Around the world with film

Image from the short film "Not to Be" Directed by Australian Filmmaker - Katrina Channells.

By Tania Phillips

In a way everything film-maker Elliot Spencer has done in his life has led him to where he is now – running a highly successful short film festival that attracts interest and crowds in Berlin and Dalveen. Yes – that Dalveen – here on the Granite Belt.

Elliot, who is doing up an old house back home here in Warwick when he’s not creating films and bringing other people’s work to larger audiences through his Orion Short Film Festival, is currently curating the festival going through a large number of films and preparing two slightly different festivals for the two venues.

The Festival is held later in the year in cosmopolitan Berlin and now, for the second year in a row, a country hall in Dalveen in February. And after last year’s event in Dalveen he is tailoring the local version to local tastes, a little more Australian content and comedies then what will be seen in Berlin.
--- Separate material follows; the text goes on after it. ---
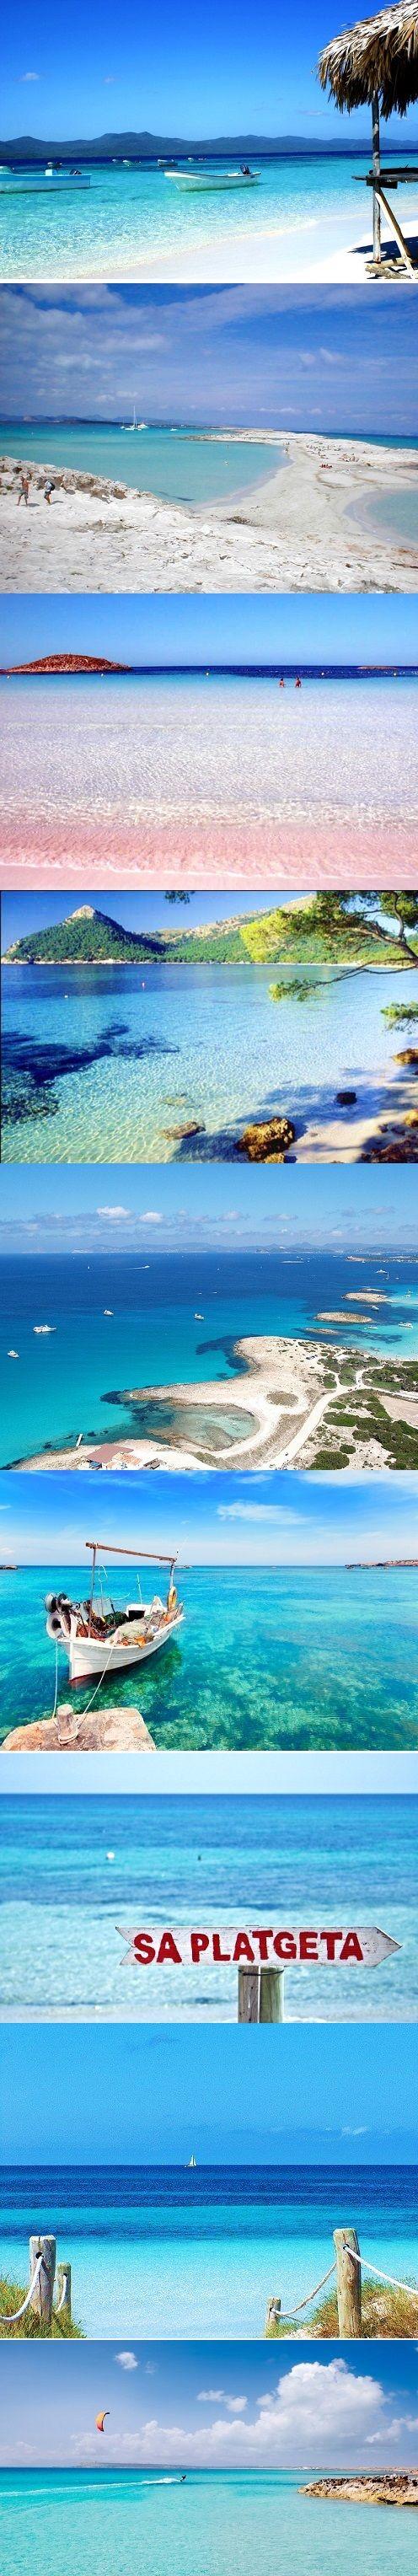 #zimmermanngoesto Formentera Beaches

In a way though the Festival brings his two worlds together – the Warwick boy he was and the film-maker and film festival convenor he is now. Creating a film festival is something he obviously relishes and the idea of bringing it home to this region seems to be a big part of his enjoyment. However, the idea for the festival wasn’t born in Warwick or Berlin.

“It first started in 2017 and I was living in China and filmmaking there, it was a great base and vantage point for going over to Europe for film festivals,” he said.

“I was competing with my own work and I started to get to know a lot of the curators and the festival directors for a few of the major film festivals. That led me to create my own.”

So how does a young film maker from Warwick end up in China and then Berlin?

“When I was a teenager, I use to compete in martial arts and I always wanted to go over to China,” he said.

“I went and did university first and then went to the Solomon Islands. When I was at university I actually studied the Mandarin language as electives. It was delayed for quite some years but eventually in 2010 I decided to make the big move to actually to get myself to China, basing myself in Zhuhai City which is directly opposite Hong Kong and on the border of Macau. I thought that was a good base for film making. I had a choice of three international airports.”

“Film making is something I’ve always done and I’ve always loved, right back to when I was 10 years old. I was competing and entering film festivals.”

When he was 16 he gained a full academic scholarship to study his craft at Bond, graduated in 2009 and it just carried on from there but with a sister who studied animation and is a filmmaker and a father who has written a couple of feature films it really is in his blood.

“There is a big love of cinema in the family,” he said.

He said it was a conscious decision to base the film festival in Berlin after screening his own work in the city and loving the experience.

“It’s such a cultural creative hub,” he said.